Also the bit of wood I have in the tank already is starting to form algae, i'm not sure of the type, its a bright white colour and looks like really fine hair. Its grown quite long in some places but I can't get a decent picture of it.
I can't see any other signs of algae in the tank only on the wood.
Does any one know what type of algae it is and the best course of action to remove it.

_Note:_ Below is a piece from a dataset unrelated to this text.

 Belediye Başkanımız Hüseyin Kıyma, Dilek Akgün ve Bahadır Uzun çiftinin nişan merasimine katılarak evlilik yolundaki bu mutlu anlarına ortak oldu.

It cleans off easily enough but starts to come back after a few days.

Lastly I've made a few choices on plants I'm going to order, I want to go with things that are quite hardy and easy-ish to grow.
Because I want to keep discus my water temps are up at 27-29c with the lights on, Do you think these plants will be ok at these temps?

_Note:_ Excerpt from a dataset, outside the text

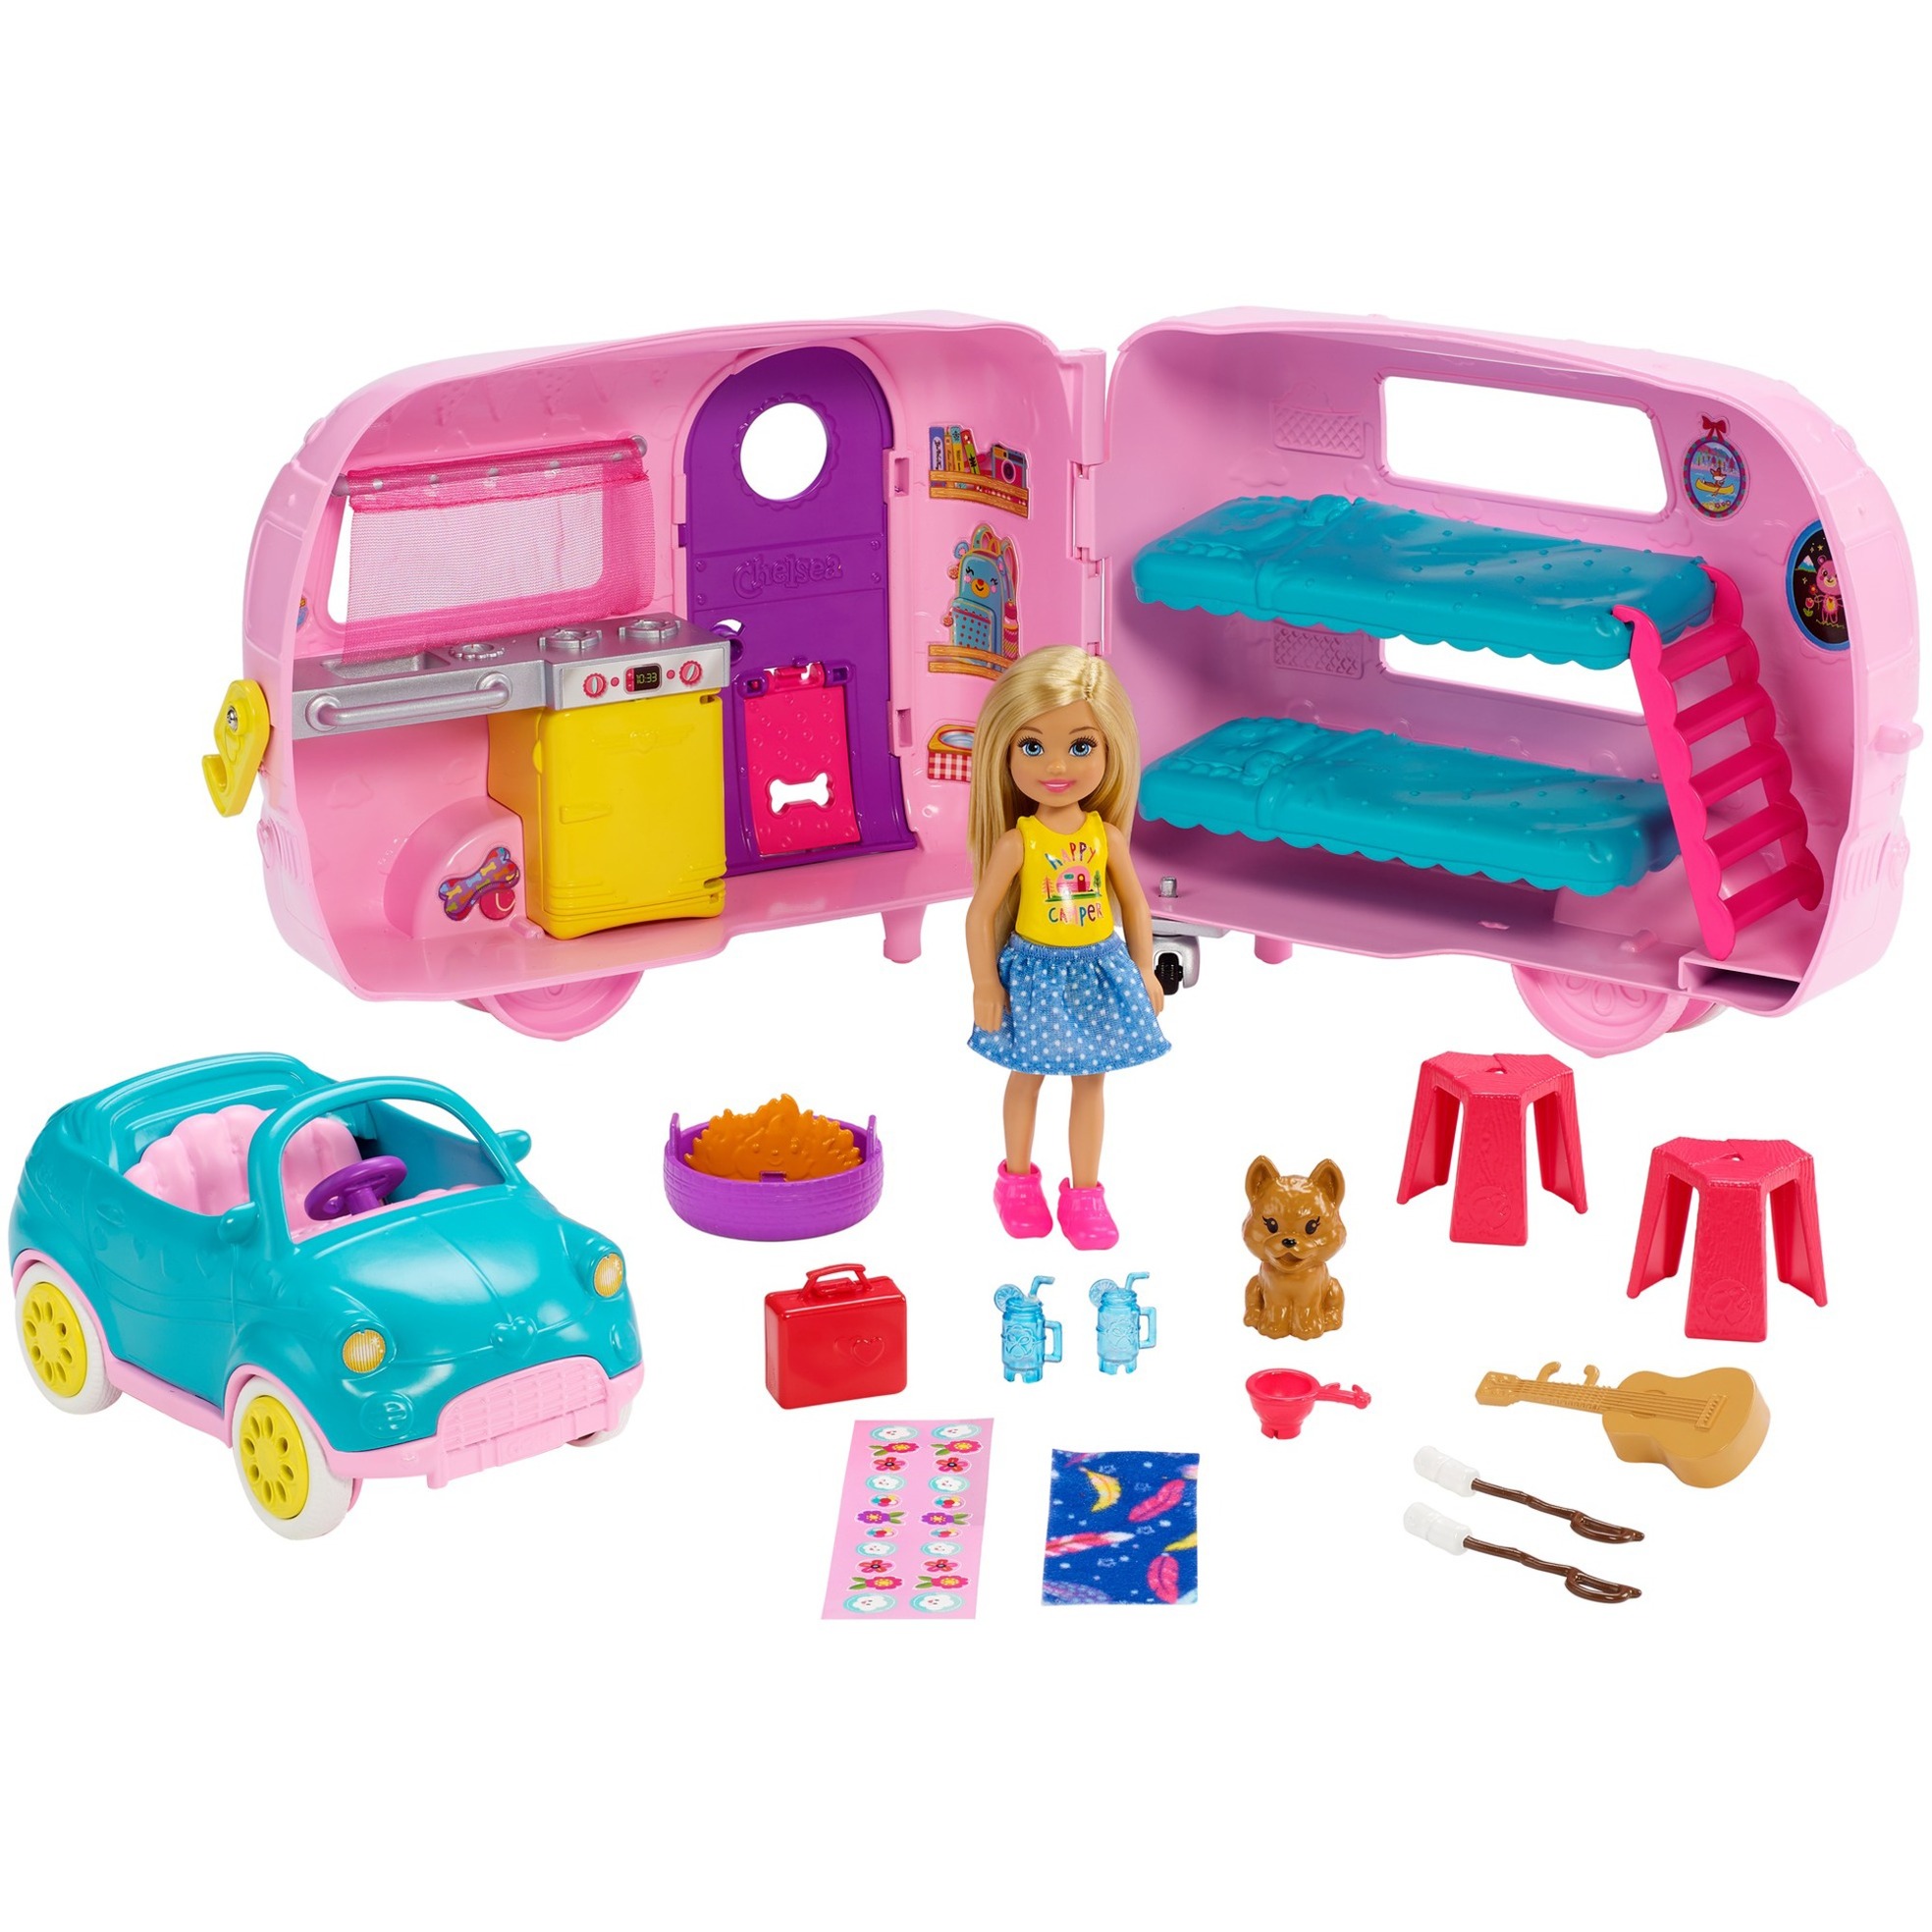 Image of Alternate - Barbie Chelsea Camper und Puppe Spielset online einkaufen bei Alternate

*Hemianthus callitrichoides*

*Eleocharis acicularis*

*Vesicularia ferriei 'Weeping' *

*Chladoflora (Moss Ball)*



*Echinodorus argentinensis*

*Echinodorus hormanii*

*Echinodorus rose*

*Echinodorus uruguayensis*


*Cyperus helferi*

*Echinodorus cordifolius*

*Micromanthemum umbrosum*

*Sagittaria platyphylla*

*Aponogeton Madagascariensis Bulb*


*Hydrophila compacta (mini)*


Not going to be using all of these it was just a selection of the ones I liked.


----------



## Iain Sutherland (27 Jan 2013)

Hey, the algae on the wood will likely just be mould as the wood leaches nutrients and tanins into the water.  Normally you can add shrimp and ottos to eat it, its worth giving the wood a good scrub from time to time with the filters off and a water change to help clear it up if arent ready for livestock yet.  I have heard it can get out of control if not managed...
Wood looks like mopani, have you tried TGM for another piece.
Couldnt advise on the plants with discus and high temps but again TGM have a discus plant section that would be worth looking over.  I would suggest HC would be an issue, mainly because it likes CO2 and DIY likely wont provide enough, tennelus might be a better option with discus and DIY...??


----------



## discusdan (27 Jan 2013)

cheers for the reply, I'll have a look on the green machine website.

I was going to add some bumble bee shrimp once things where up and running.

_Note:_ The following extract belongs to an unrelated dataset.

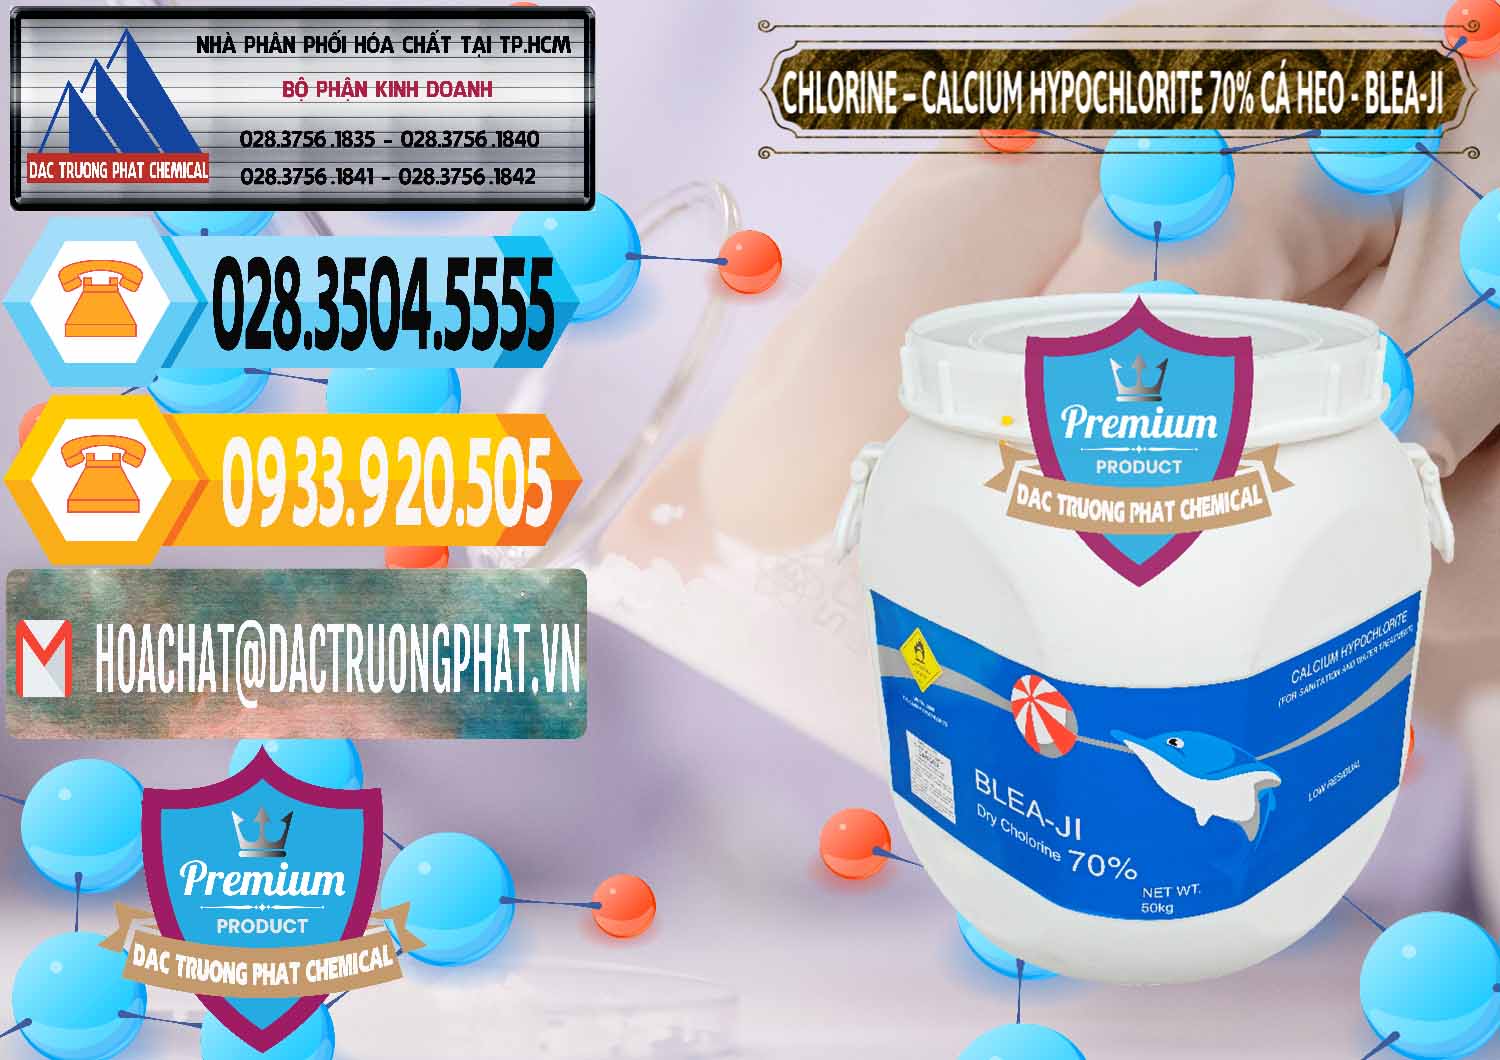 Nơi chuyên nhập khẩu & bán Clorin - Chlorine Cá Heo 70% Blea-Ji Trung Quốc China - 0056 - Công ty phân phối & cung cấp hóa chất tại TP.HCM - hoachattayrua.net

I was considering using riccia fluitans instead of cuba but it seemed a lot more work to use it as a carpet. Do you think it would be a better choice than cuba?

I'll have a look into tennelus.

Also the yeast reactor is mainly for fun and untill I can get hold of an fe or co2 cylinder to upgrade the co2 input.

thanks.


----------



## Iain Sutherland (27 Jan 2013)

Hey, crystal red or black shrimp will become expensive food for your discus once you get them in.  Amano shrimp would be your best bet as long as they manage with high temps.
Riccia carpets are great but their also high maintenance and messy. Unfortunately i dont know enough about discus to really advise but think they tend to rip up and/or eat smaller delicate plants??  which was why i suggest tennelus but maybe they will tear that up too??  Stauro is seen quite a lot in discus tanks as it is a heavy rooter and once established its pretty hardy.


----------



## discusdan (27 Jan 2013)

cheers for the info.
I like the look of staurogyne repens and tennelus so i'll look into them.
the discus are a long way off yet, i'm hoping to get all the plants in and well established before I add any of the larger fish.


----------



## discusdan (27 Jan 2013)

quick up date,

I mixed up some more jelly fuel to try out the new system and hurrah! it seems to be working.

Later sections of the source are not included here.